Our collective evidence, which included other modelling and feedback from clinicians, showed that 3 urgent treatment centres was the optimum number and that there was neither sufficient clinical need nor would it be operationally feasible for more than 3 urgent treatment centres and to prioritise the site as an urgent treatment centre.
We do understand people’s concerns about the temporary overnight closure at Stratton Minor Injury Unit.

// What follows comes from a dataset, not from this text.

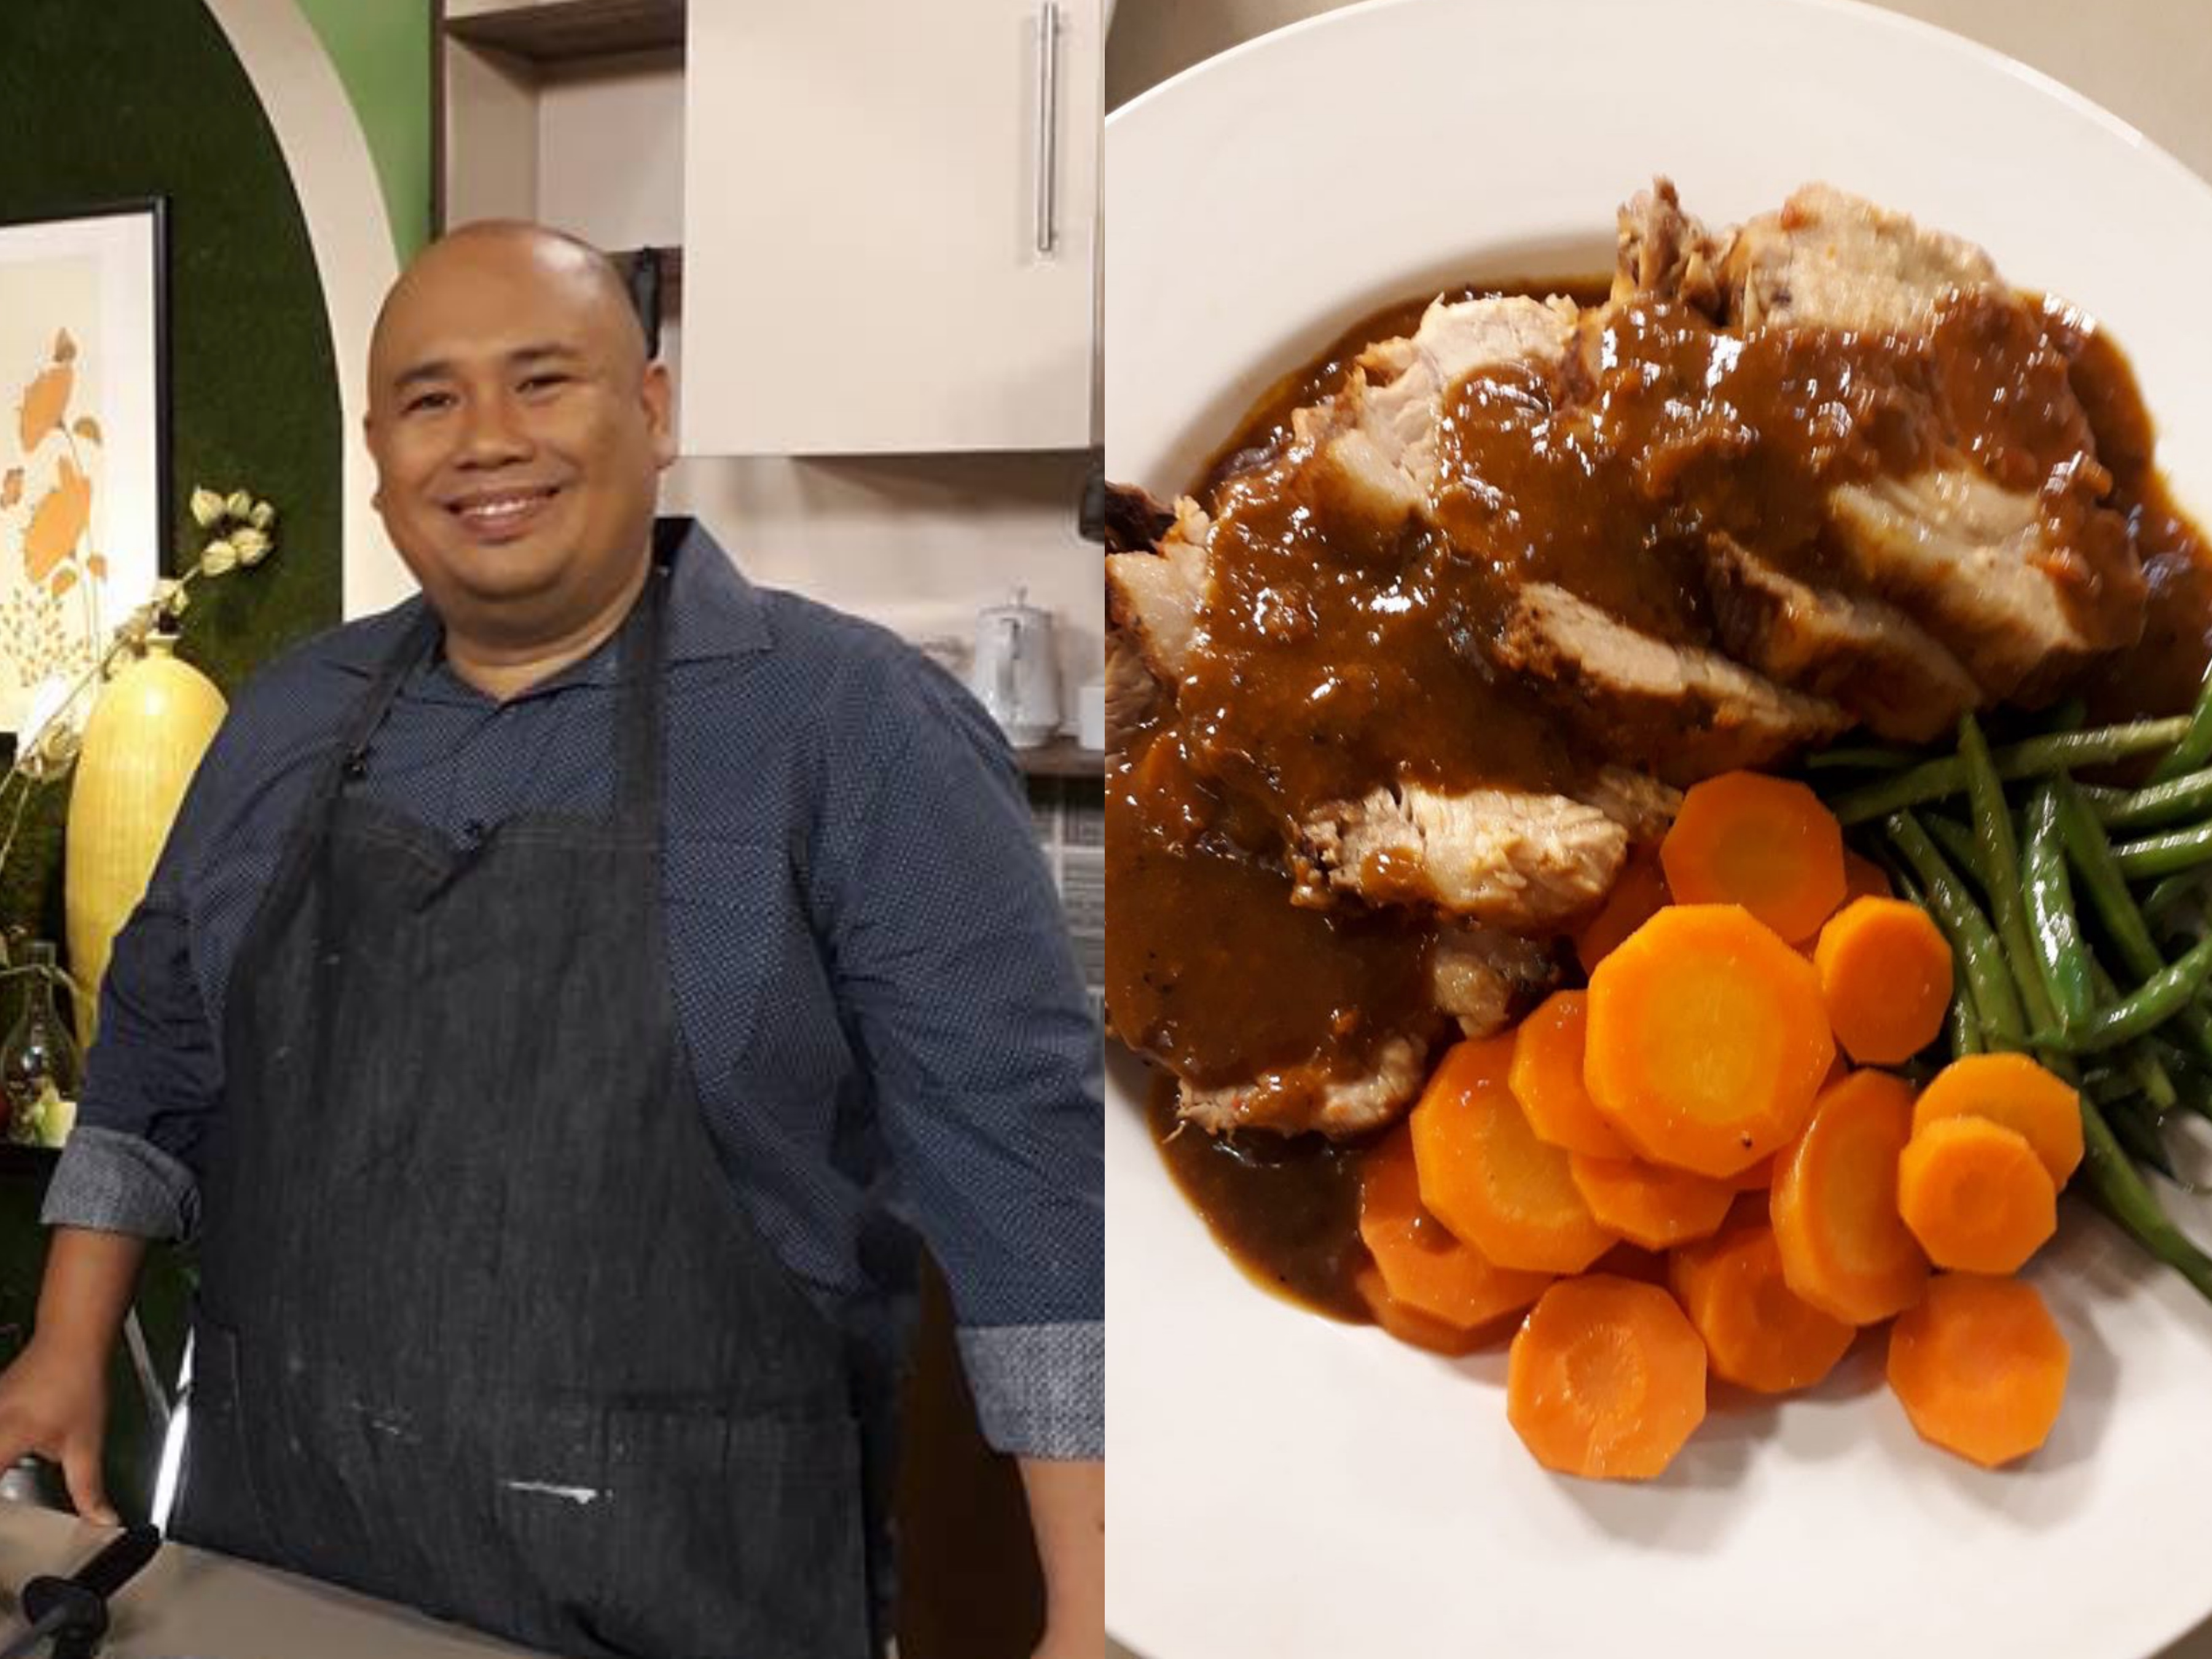 Chef Myke ‘Tatung’ Sarthou at the UKG set and his delectable Pot Roast. PHOTOS: Facebook/Myke Tatung Sarthou

The service remains open from 8am to 10pm every day when the unit is most in demand.
Cornwall Foundation NHS Partnership Trust has, unsuccessfully, tried to recruit clinical staff since January 2018, including a band 7 MIU sister/charge nurse, and a band 6 MIU practitioner. An interim MIU sister is in post and is shared between Stratton and Launceston hospitals, and 2 nurses have been recruited into developmental roles, but the team has not been able to recruit enough staff to re-open a night time service
We know from historic activity data collected by the service, that last year 9,436 people used the MIU and only 600 people used the service overnight. This is an average of 1.4 per night. Use of the unit from 10pm to 8am is consistent during the winter (October to April) and summer (May to November) months. There were 102 nights with no attendances. We are confident with the accuracy of this data.
We’re having constructive discussions with health and care partners in Stratton to develop a new model of urgent care provision which meets the community’s needs. The NHS, GPs, South Western Ambulance NHS Foundation Trust (SWASFT), community members and the hospital’s League of Friends are working together to understand the local issues and how they can support people in the community.
A multi-agency project group including local councillors and patient representatives has been established to review the model of care within the area. We will also establish a local patient participation focus group with the local PPGs and League of Friends. Council colleagues from Holsworthy will be asked to join the project group to understand the wider local context.
We believe the temporary change to the overnight service will have a minimal impact on safety. People can use other services at night, such as NHS 111, late-night pharmacies and 999 for life-threatening emergencies.
Anyone who has an urgent life-threatening condition, such as a suspected stroke, choking, chest pain, major blood loss, or loss of consciousness should call 999. An MIU is not the right place to be treated, and the temporary overnight closure of Stratton MIU would not change this advice. Anyone in the Bude area who needs emergency medical help will continue to receive this from either the emergency departments at Treliske in Truro, University Hospitals Plymouth or North Devon District Hospital in Barnstaple.